Much of the problem lies in the master-servant relationship that has evolved as the State has taken effective control of one function after another in return for partial funding of locally administered programs.  Over time, local policy and management discretion has disappeared.  Local officials are turned into pawns rather than policy-makers.  And citizens become increasingly frustrated with the inability of local elected and appointed officials to respond to community concerns, obsessed as local officials are with marching to the State government drum.  Sadly, a similar boss-employee relationship has become the norm between the federal government and the States. 

As a result, our hallowed “federal system” is in shambles.

Feds – here’s your list of responsibilities, courtesy of the United States Constitution.  State and local governments: you are responsible for all governmental functions not assigned to the Feds or denied you by the Constitution.  Decide who is responsible for what, and give that entity full power, authority and responsibility to fund and carry out that function. 

No more intergovernmental transfers, grants, “partnerships” or other confusing intergovernmental finger pointing arrangements.  We’ll all know where the buck came from, and where it stops. No more federal matching money with strings dangling before overreaching States, which, in turn, distort their own priorities and those of the local governments serving the people who paid taxes to all three levels of government to begin with.

To facilitate the above reforms, ironically we will have to rely on large-scale revenue transfers and revenue sharing for a short period (say eight years), until revenue raising and spending can be properly aligned with the new functional responsibilities at each level of government.

At the local level, large-scale consolidation, mergers and dissolution of scores of special districts will occur.  Power and accompanying funding will return to general-purpose local governments, commensurate with their new responsibilities.

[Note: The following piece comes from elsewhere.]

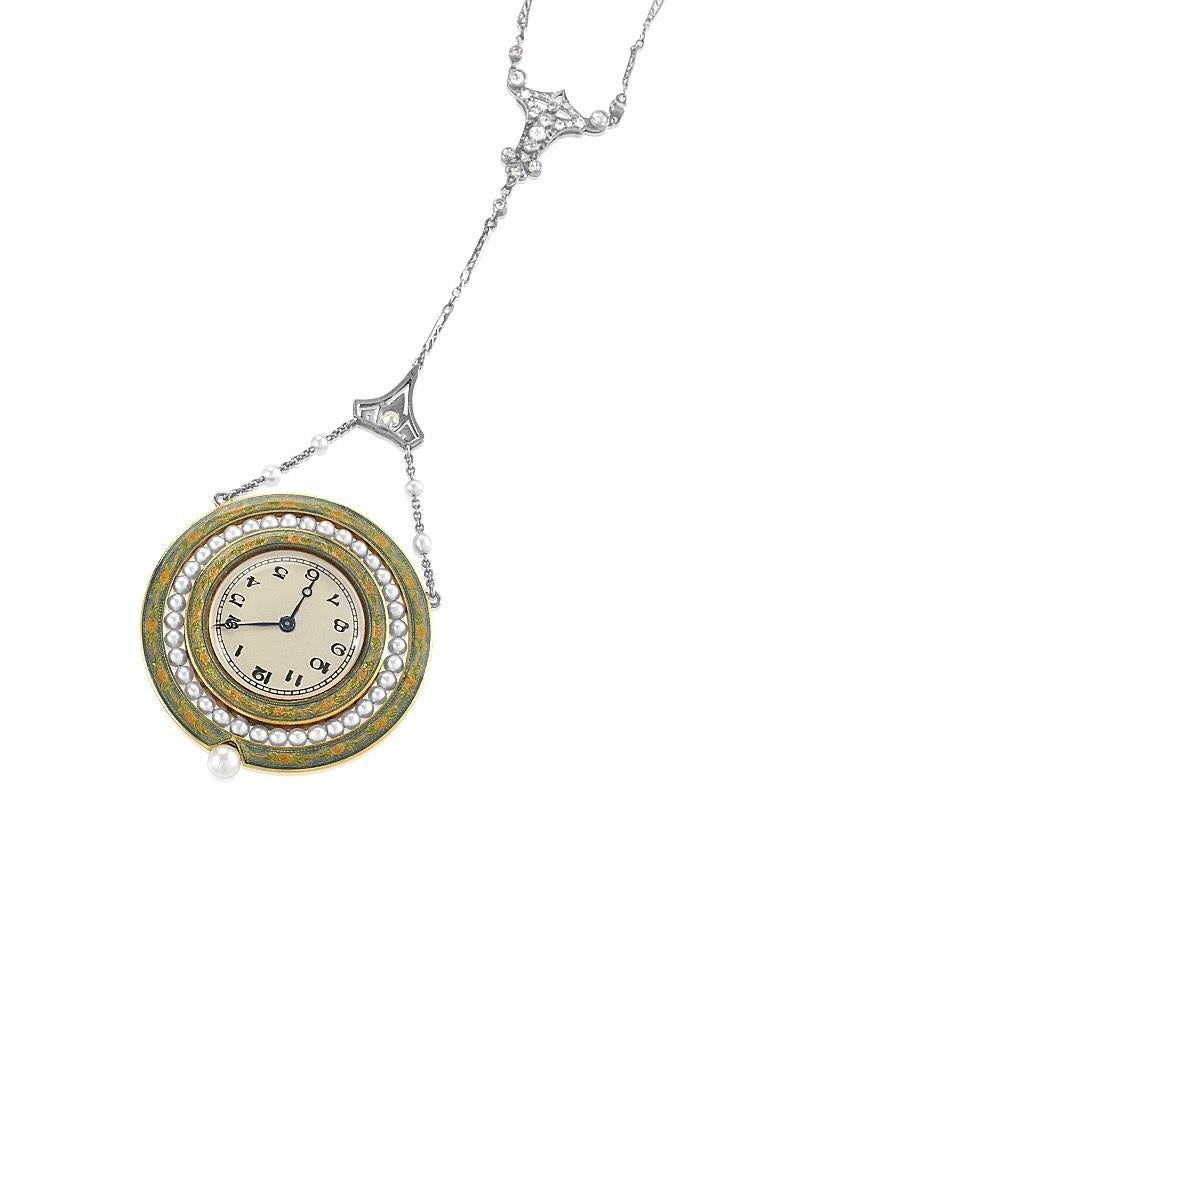 A French Belle Epoque 18 karat gold, platinum, diamond, pearl and Paillet enamel pendant watch necklace.  The pendant watch has 26 old European-cut diamonds with an approximate total weight of 1.05 carats, 70 rose-cut diamonds with an approximate

The long and short of this is a return to explicit responsibility.  No more federal government regulating States, regulating local governments, regulating actual people and businesses.  If the federal government wants to regulate wastewater quality, they can assume full responsibility for funding, constructing and operating treatment plants.  If the State wants to micro-manage planning and zoning down to the individual parcel level, it must be willing to spend its own money to do so, including setting up the permitting and enforcement mechanism to implement its appetite for control. 

No more pronouncements from up high; you want it done then you do it.  The cries of “unfunded mandates” which have echoed through city halls and county courthouses for three decades have fallen on deaf ears.  At this late date, local officials should be saying, “We don’t want funding for your mandates.  That just pays us to do what you want us to do, not what we think needs doing.  Keep your money and carry out your own mandates.  If you don’t have the money to do it, join the club.  We don’t either.”

At risk of disrespect, many of the solutions posed for consideration are red herrings, marginally useful in a narrow sense, but unlikely to set a tone for more substantial reforms.  Among those are legislative re-apportionment, changes in term limits, liberalizing vote requirements for budget passage or tax increases or tinkering with Proposition 13.

Unfortunately, we are headed in the wrong direction with “cap and trade” and other regulatory monstrosities, destined to drive businesses and real people into the same poor house occupied by debt-ridden States and localities.